Culture

Les statisticiens vendent à Hollywood la promesse du scénario parfait

Temps de lecture : 2 min

Le Docteur Folamour dans le film éponyme de Stanley Kubrick en 1964.
Le Docteur Folamour dans le film éponyme de Stanley Kubrick en 1964.

Oubliez les zombies. C’est old. Les data-crunchers, ces spécialistes de l’analyse statistique, envahissent Hollywood, écrit le New York Times.

Evidemment, cela devait arriver un jour ou l’autre. «Le même type de spécialiste de l’analyse statistique qui a refondé l’analyse électorale et le marketing online est de plus en plus utilisé par l’industrie du divertissement.» Les voilà qui prennent d’assaut le dernier bastion de créativité humaine à l’ancienne non encore soumis aux diktats des moyennes statistiques et à la froide prédiction de l’algorithme tout puissant: le scénario de film.

Pour 20.000 dollars, la société de Vinny Bruzzese, un ancien professeur de statistiques qui se présente comme un lointain parent d’Albert Einstein, propose une analyse de script sur la base de précédents succès et de résultats de focus groupes et de sondages, afin d'aider les producteurs à maximiser leurs chances de faire un succès au box-office.

«Un super-héros maudit ne se vendra jamais autant qu’un super-héros protecteur», explique-t-il par exemple. Des services d’aide à la décision comme celui-ci sont bien logiquement devenus le «pire cauchemar» des scénaristes, raconte au New York Times l'un d'eux, Ol Parker, à qui on doit notamment le scénario de la comédie Indian Palace:

«C’est l’ennemi de la créativité, rien de plus qu’une tentative de singer ce qui a déjà marché auparavant. Cela ne peut qu’aboutir à une homogénéisation insipide. C’est une ruée vers la banalité.»

Le statisticien rétorque qu’il rencontre toujours le scénariste avant de livrer son avis, «pour écouter et comprendre l’intention créative, afin que l’analyse soit contextualisée». Et un scénariste primé par un oscar, qui parle sous couvert d’anonymat pour protéger sa réputation, admet que l’avis donné par Bruzzese lui a été d’une grande utilité. La Défense Lincoln, succès de 2011 adapté du roman de Michael Connelly, a également bénéficié du scanner du fameux Bruzzese, raconte au New York Times le producteur Scott Steindorff.

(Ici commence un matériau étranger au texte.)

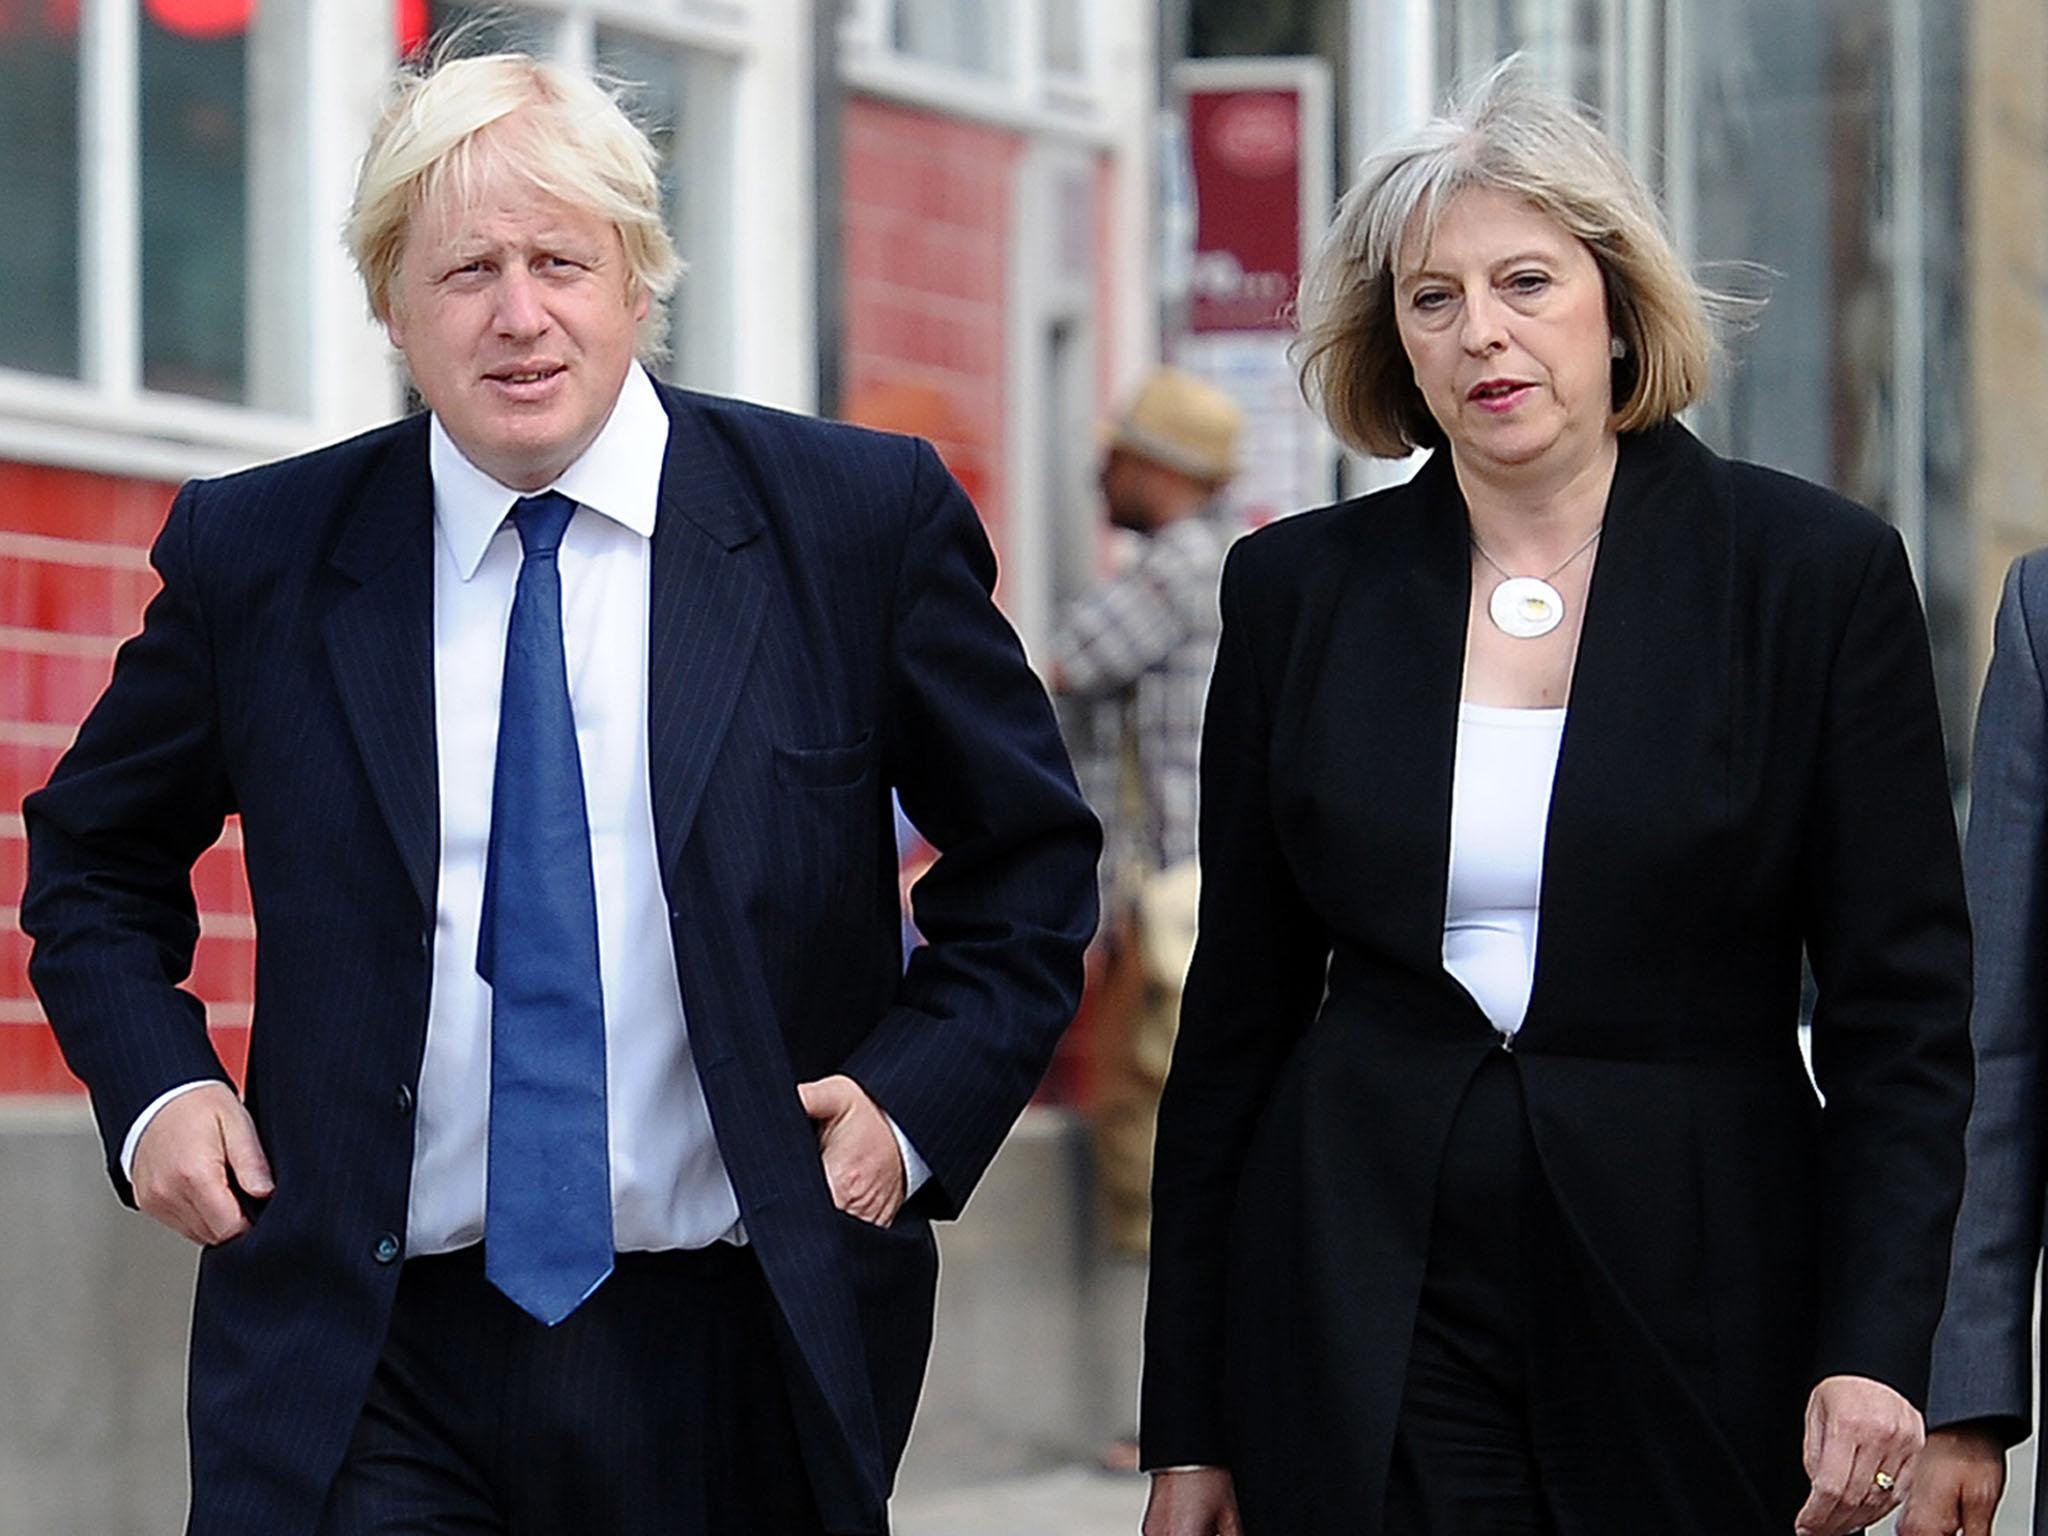 Boris and Theresa

La méfiance des auteurs face aux approches «scientifiques» n'est bien sûr pas nouvelle. Ainsi, on fait souvent remarquer qu'un film comme Fight Club aurait été mis à la trappe si on s'était contenté des résultats des sondages, souligne l'article du New York Times (100 millions de dollars de recettes).

Comme le rappelle Matthiew Yglesias sur Slate.com, la nature même du marché du cinéma est d’investir des millions de dollars pour en dégager quelques-uns, dans l’espoir de générer une petite proportion de blockbusters qui en gagneront des centaines... Et à 20.000 dollars le «data-crunching», Hollywood ne semble pas avoir encore pris très au sérieux cette technique de sécurisation de ses investissements.

Il faut dire que la statistique est encore loin de pouvoir livrer clé en main le script qui tue. L'article du New York Times est une histoire «inintéressante», pour le Pacific Standard, qui moque la «formule magique» du blockbuster en résumant les conseils du docteur Folamour d’Hollywood: pas de scènes de bowling, pas d’invocation de démons et pas de superhéros névrosés. Ce n'est pas une raison pour ne jamais l'écouter. Sa société a analysé le scénario d'Abraham Lincoln, chasseur de vampires, mais la production n'a pas suivi: le film a fait un flop. Mais fallait-il vraiment un doctorat en statistiques pour s'en douter?